A46 There had been little sign of any general slowing in retail sales growth. Expectations for
Christmas had been good, although there had been more uncertainty about prospects for 2003. Agents
reported that there had been a change in car manufacturers' behaviour, which may have masked a
larger fall in car sales than shown by the official SMMT registration statistics. A significant element
in new car sales since September had been pre-registrations: cars for which there was no known
purchaser, but which the dealer registered before selling subsequently as `nearly new'. This had
increased dealers' stocks of cars and was likely to put downward pressure on car prices when the pre-
registered cars were sold.
A47 Manufacturers' margins had remained under pressure, although recent movements in the value of
sterling had not led to any significant change in Agents' assessments of margins on domestic and
export orders. Raw materials costs had been mostly flat overall, but there were increases in indirect
costs, especially insurance. A doubling of premiums for employers' and public liability insurance had
not been uncommon, and 2003 renewal notices had shown further substantial increases. Agency
contacts had also reported increasing costs of regulation and taxation. Manufacturers had little scope
to increase output prices, except on specialist products. Customers had expected continuing price cuts
in sectors where there was foreign competition and weak demand. Manufacturers had responded to
mpc:
11
lower margins in a number of ways: by sourcing more materials and components from overseas, by
moving production overseas, by using internet auctions and by reducing labour and waste.
VII Market intelligence
A48 On 4 December, interest rates implied by short sterling futures contracts had been higher than on
6 November. The rate implied by the June 2003 contract had been 30 basis points higher at 4.21%,
and that implied by the June 2004 contract had been 17 basis points higher at 4.88%. Implied rates for
contracts maturing in 2002 and 2003 had increased steadily for much of the period, but had risen
relatively sharply following the November MPC decision and the publication of the November
Inflation Report, as well as in response to stronger-than-expected retail sales and RPIX data. Implied
interest rates had also risen following some stronger-than-expected US data released on the afternoon
of the Chancellor's Pre-Budget Report.
A49 Market participants had generally expected the Committee not to change the Bank's official repo
rate at its December meeting. Economists polled by Reuters on 26 and 27 November had attached a
mean probability of 86% to no change in the Bank's repo rate at the December meeting, and a mean
probability of only 12% to a decrease of 25 basis points. All these economists had forecast that the
Bank's repo rate would be unchanged at end-2002. Forecasts for end-2003 were little changed from
the previous poll, with a mean expectation for the repo rate of 4.42%.
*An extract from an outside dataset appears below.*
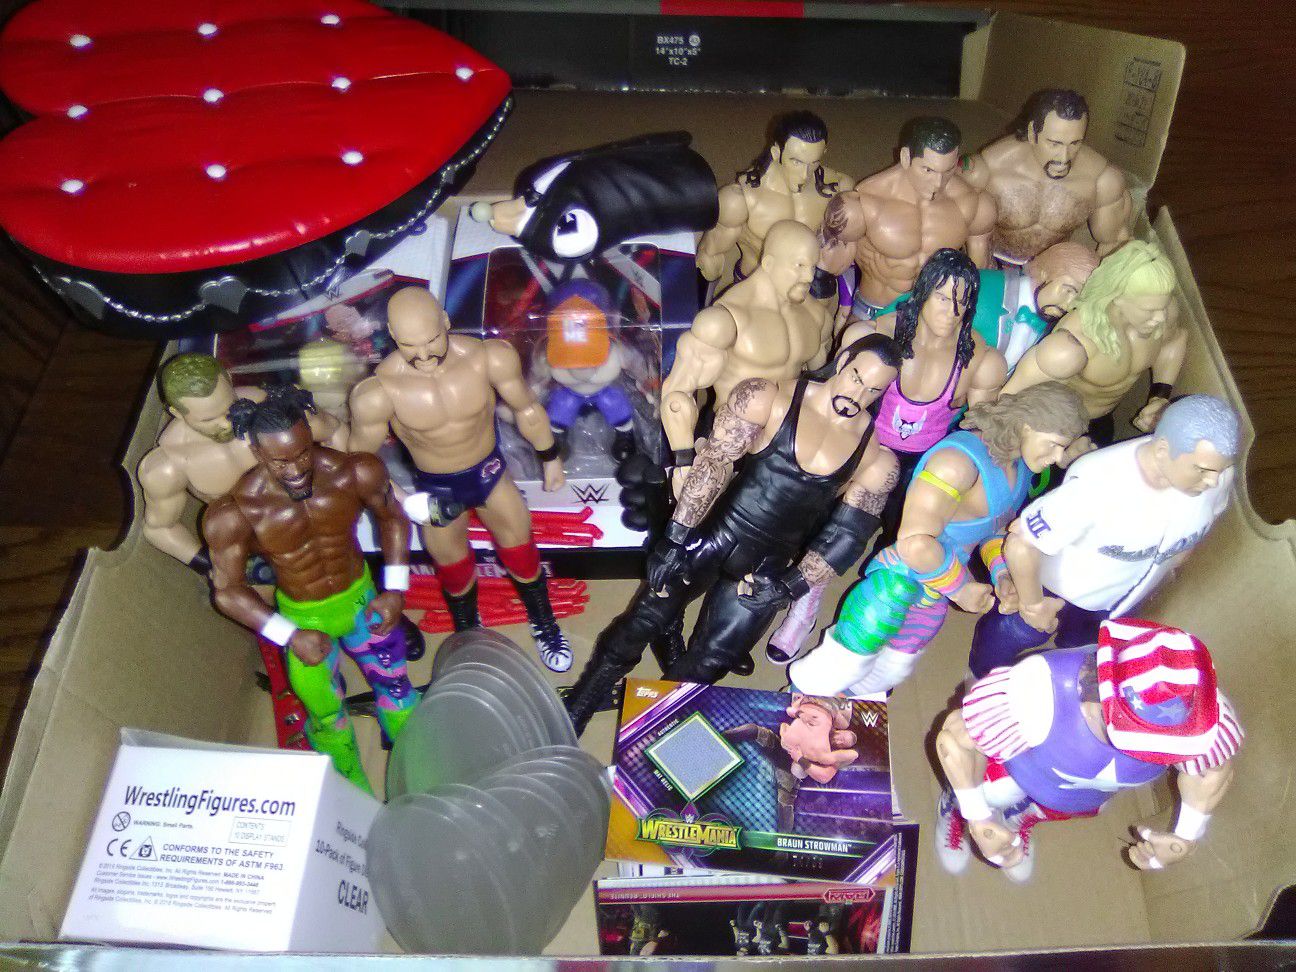 Box O' WWE figures
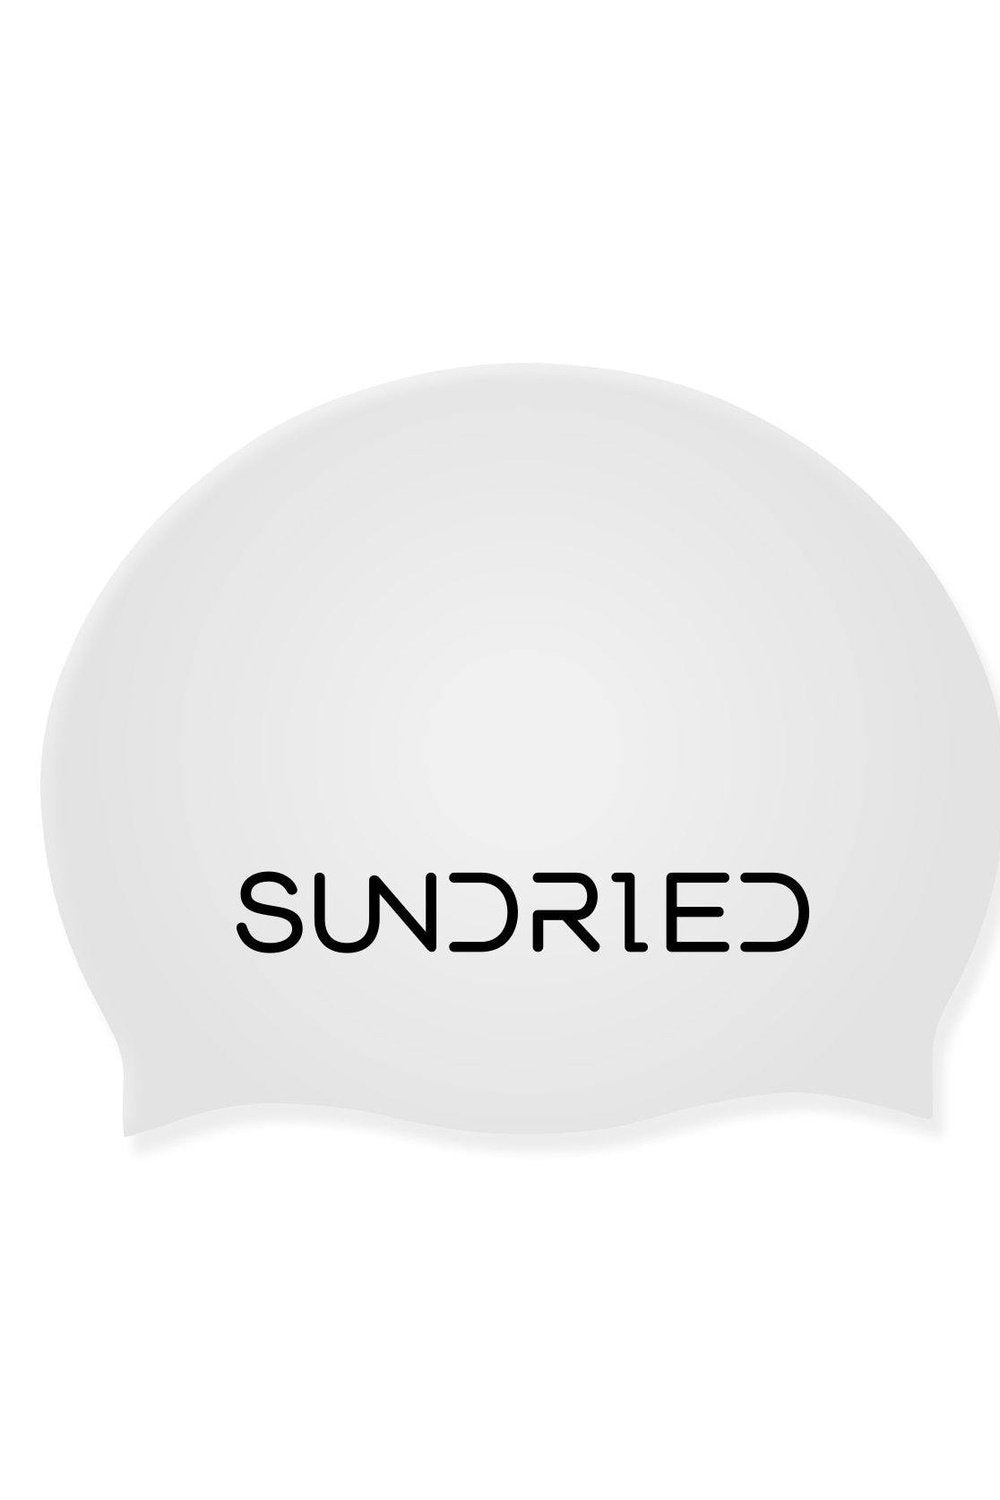 Sundried Swim Hat Accessories White SD0111 White Activewear

A50 Between 6 November and 4 December, sterling had risen by 0.7% on an effective basis,
appreciating by 0.5% and 0.8% against the euro and the dollar respectively. There had, however, been
some intra-month volatility. Market participants had ascribed these movements to several factors,
including widening short-term interest rate differentials between sterling and the dollar early in the
period and flows associated with cross-border corporate mergers.